Gen Augusto Pinochet has a top-notch legal team on hand as he fights extradition to Spain.
In his QC, Clive Nichols, the 83-year-old former dictator has one of Britain's leading extradition experts, said by other lawyers to be "highly inventive". Both he and the junior QC, Clare Montgomery, come from top extradition chambers and are seen as "very hard-nosed and effective."
His solicitors, Kingsley Napley, are among a handful of firms specialising in the most difficult criminal cases, particularly fraud, which often involve extradition.
It seems likely that the general is in for a long stay in Britain. Legal experts yesterday reckoned the magistrates' court extradition proceedings and any High Court hearings could take up to two years.
He will have to adhere to any bail conditions set by the magistrate, although these may be varied. At present he must reside at a location approved by the police, and he may not leave the UK.
Pinochet's lawyers may first try to challenge the Home Secretary's authority to proceed by seeking judicial review in the High Court. This could get to court fairly quickly, though the need for his lawyers to study Mr Jack Straw's reasoning and devise ways of attacking it would probably postpone a full hearing until after the New Year.

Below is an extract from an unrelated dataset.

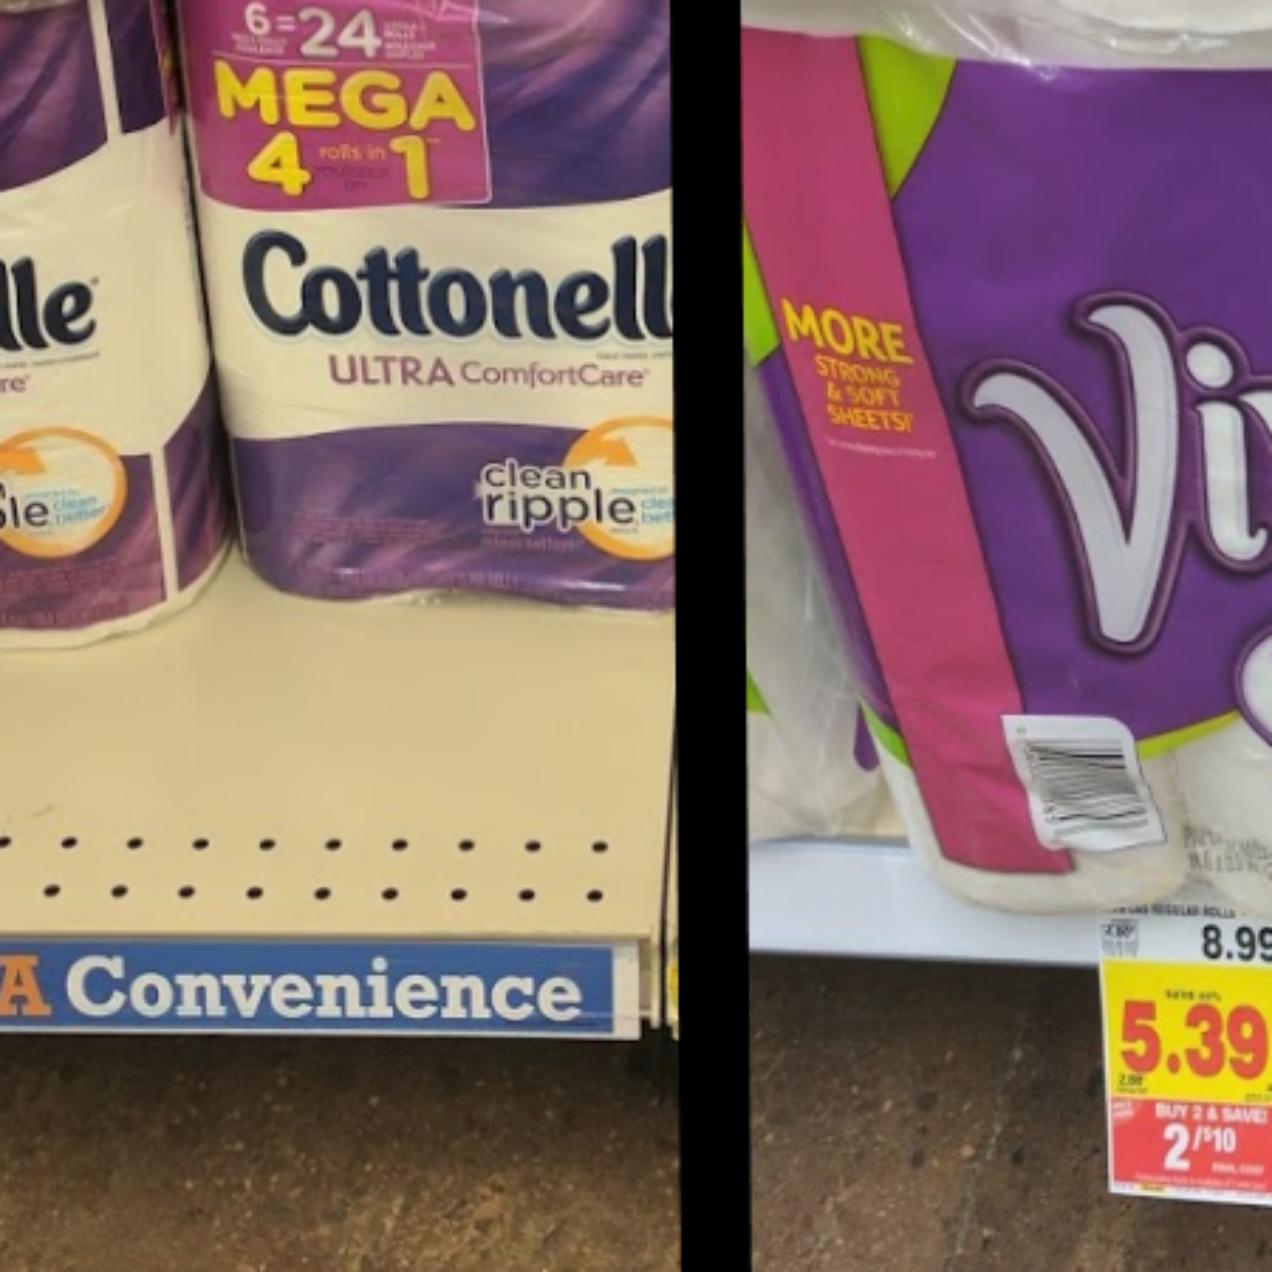 Cottonelle, Scott & Viva Packs as low as $4 at Kroger (Regular up to $10.99)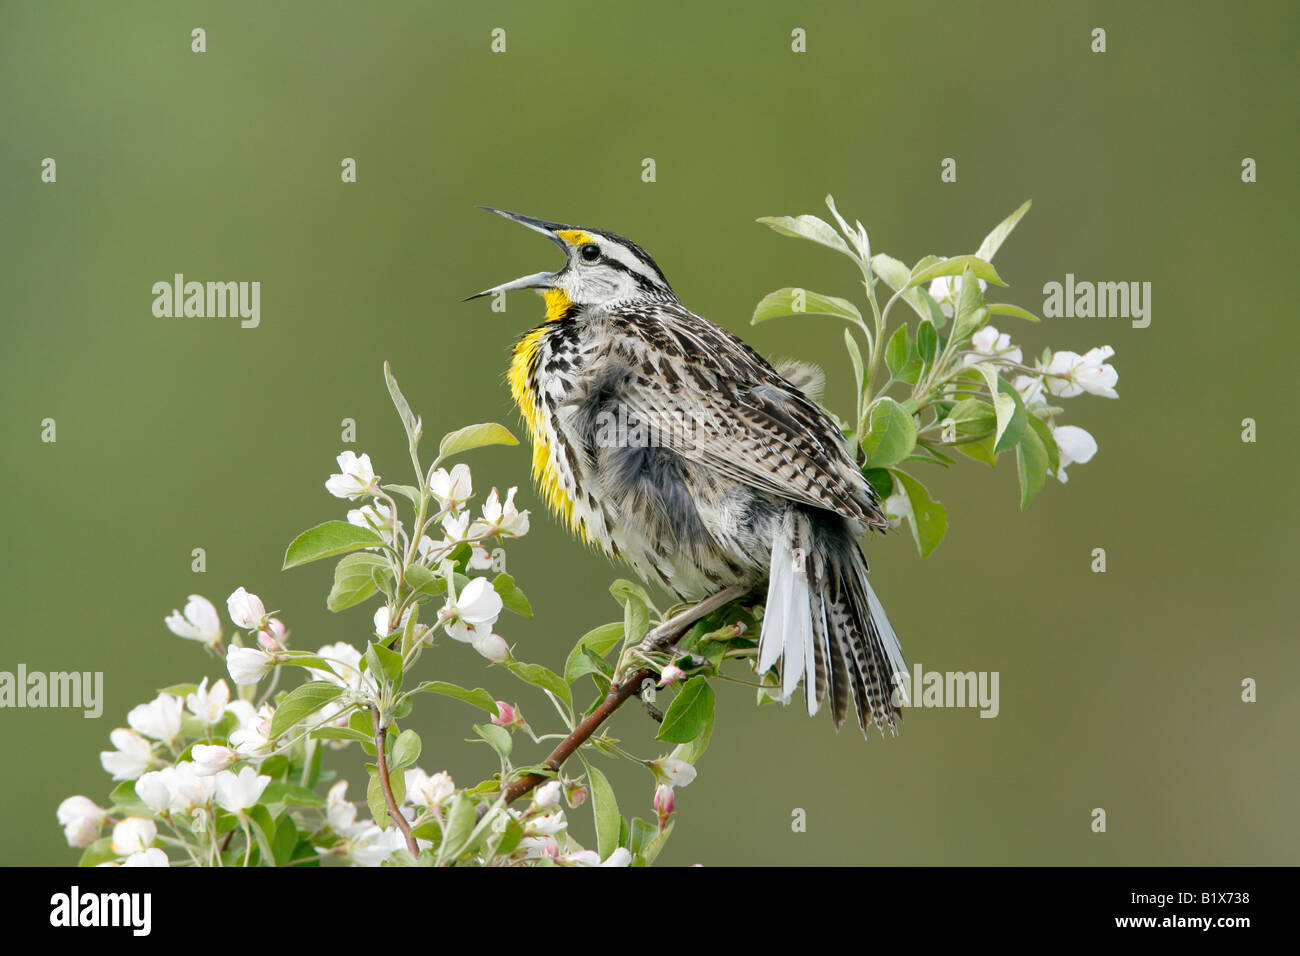 Eastern Meadowlark Singing in Apple Tree Blossoms - Stock Image

The lawyers would have to persuade the court that they had an arguable case to get leave to bring a judicial review application. An application for leave could be heard quickly, possibly even today, and the court might "stay" the extradition proceedings so that the general would not have to appear at Belmarsh Magistrates' Court, south London, tomorrow.
Kingsley Napley would not be drawn on their plans last night. To challenge Mr Straw's decision they would have to show that he acted unreasonably or outside his powers, for example by giving undue weight to some factors or excluding others.
Paradoxically, although Amnesty International failed yesterday to obtain an injunction stopping the general leaving the country in the event that Mr Straw had decided in his favour, the result points to a likely failure for the general in his judicial review application.
Lord Justice Simon Brown, one of the most expert public law judges, held that the Home Secretary had a very wide discretion in deciding whether or not to give the go-ahead for extradition proceedings. This means that the scope for attacking his decision is correspondingly small.
An extradition expert said the High Court would also be likely to take the view that any arguments should be made to the magistrates in the course of the extradition proceedings, rather than to High Court judges.
The Privy Council has stated in a case involving the Bahamas that all the evidence should be presented to the magistrate before either side applies for judicial review. Only in the clearest cases will the courts vary this rule.
The lawyer thought the general's lawyers might decide not to challenge the authority to proceed in view of the slight chance of success.
They may still be exploring the possibility of attacking the Law lords' ruling that Pinochet has no immunity from prosecution, on the grounds that Lord Hoffmann, one of the majority of three who ruled against the general, is an unpaid director of Amnesty International Charity Ltd.
But there is no precedent for getting a House of Lords judgment set aside, and no higher court to which an appeal could be made.
The lawyers are likely to concentrate on making the general's case in the extradition proceedings before the chief metropolitan stipendiary magistrate, Mr Graham Parkinson, at Belmarsh. These could take up to six months.
The issues will be whether the crimes are extradition crimes, whether the papers from Spain are in order, and whether the alleged offences are political crimes. Lawyers said the case raised complicated questions about retrospectivity - whether the crimes charged were crimes at the time they were allegedly committed - and whether Spain has jurisdiction to try crimes committed outside its territory.
Political crimes have been defined by the House of Lords as "confined to the object of overthrowing or changing the government of a state or inducing it to change its policy or escaping from its territory the better to do so." It also connotes opposition to the state requesting extradition, so will not be a useful line of argument for Gen Pinochet.
The magistrate has no power to refuse to send him to Spain on the grounds of abuse of process, unfairness, oppression or breach of natural justice.
If the magistrate decides he should be sent to Spain to stand trial, he can challenge that decision in the High Court by judicial review or habeas corpus, an application for the release of a person from unlawful detention.
Lawyers believe it is at this stage that the general would have his best chance of success, because the argument would then shift to whether it was unjust or oppressive to surrender him to Spain.
"He would have a very strong argument for saying it would be unjust or oppressive by reason of passage of time," said one lawyer. "He can say, `I've been in and out of the country several times and nothing was done, witnesses are dying, their memories failing, I've been lulled into a false sense of security.'
"He never hid his identity when sitting in the River Cafe, and Spain could have made requests for his extradition at any time."